Last July, AirBnb teamed up with NAACP in an effort to promote more communities of color to use the app as hosts and guests.
“Our fastest-growing communities across major US cities are in communities of color and we’ve seen how home sharing is an economic lifeline for families,” Belinda Johnson, Airbnb’s chief business affairs officer, said in a statement on the revenue sharing deal.
AirBnb’s efforts come too late for some former users.
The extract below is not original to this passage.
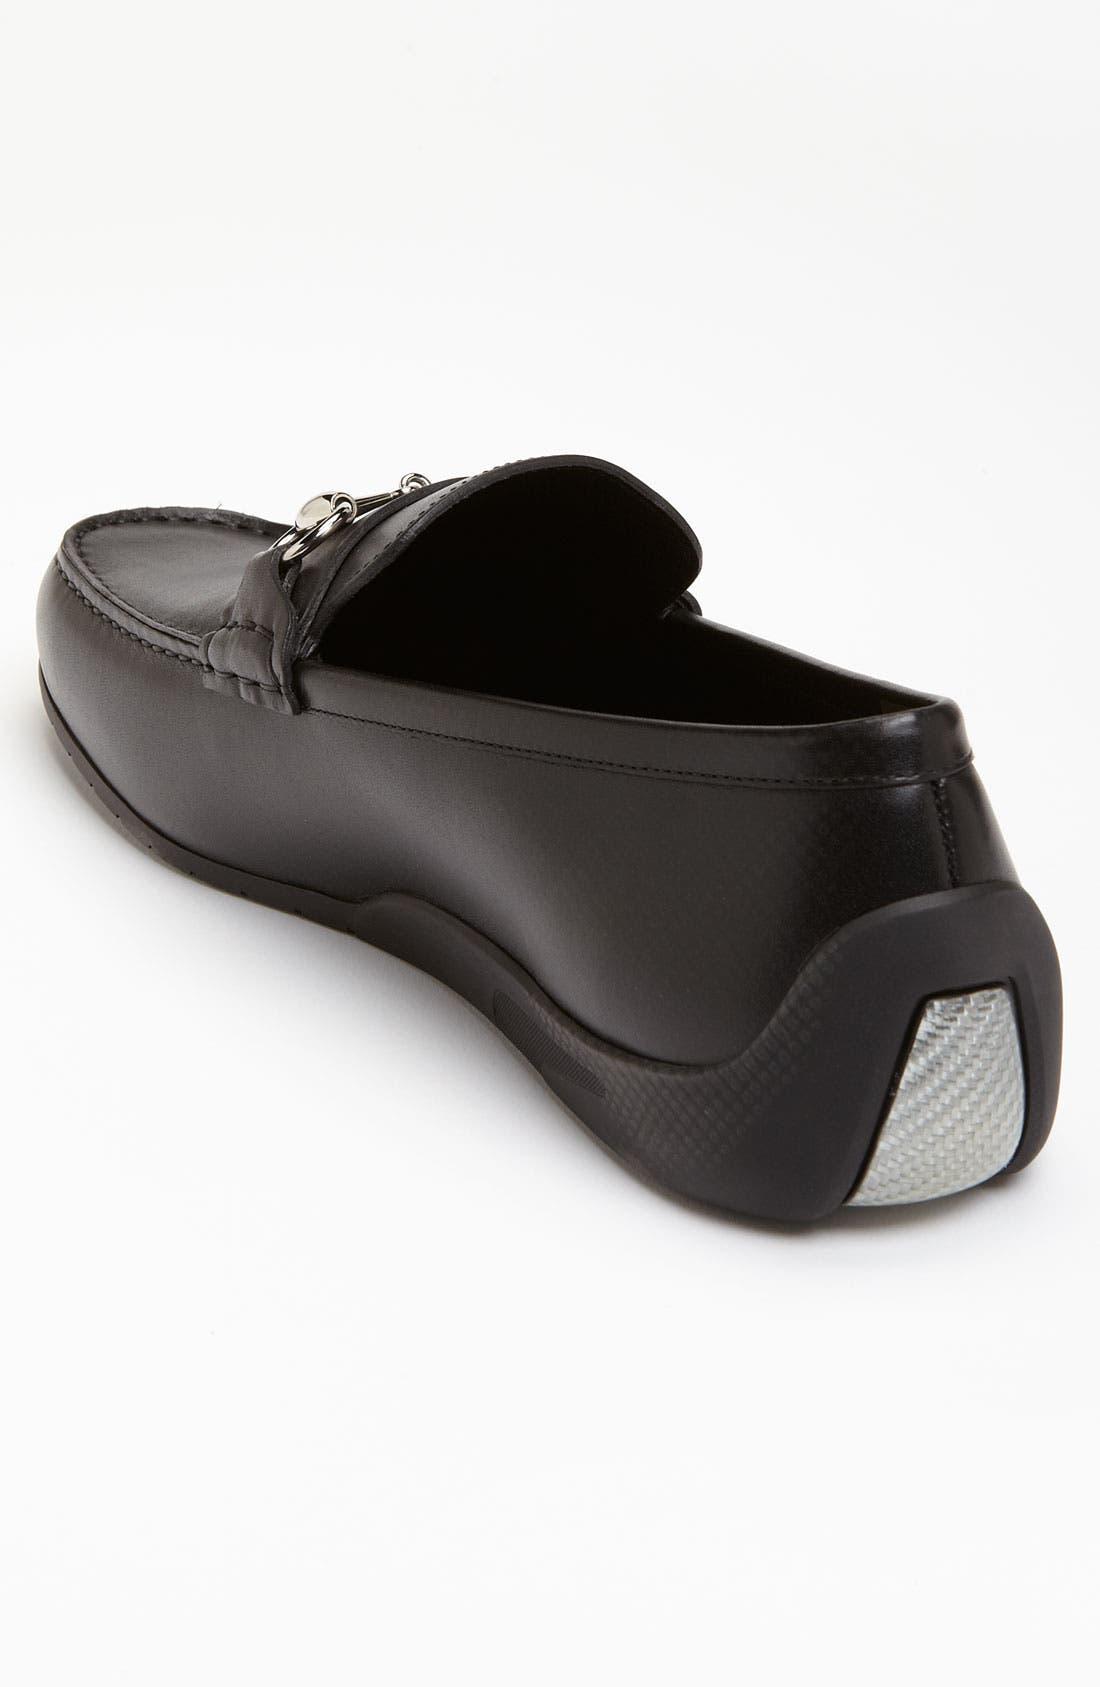 Alternate Image 2  - Gucci 'Silverstone' Moccasin Loafer

Rohan Gilkes, the founder of Innclusive, a peer-to-peer accommodations website, launched a company that encourages hosts of color and the accommodation of non-white guests. Gilkes’ request to book an Idaho rental was denied twice by an AirBnb host, but approved after Gilkes’ white friend asked.
When Gilkes complained to an AirBnB representative, he said in an interview with Splinter News that they “ didn’t do anything other than distance themselves from the possibility that race factored into why I was declined.”
Gilkes posted his account of events on social media and received over 2,000 emails, overnight. His response was Innclusive. Though much smaller than AirBnB, the million-dollar company grows.
The denial of service, or racializing guests is reminiscent of a segregated US. It was so difficult to find proper room and board during Jim Crow that The Negro Travelers’ Green Book was created by a NYC mailman named Victor Hugo Green in the 1940s.
The guide helped Black travelers navigate racist hotels, eateries, even sundown towns and municipalities with a de facto ordinance that Blacks had to leave before nightfall or else be terrorized.
People like Gilkes are beginning to curate information networks and businesses where diversity, inclusion, and in particular, hospitality for Blacks who oftentimes bear the brunt of these encounters.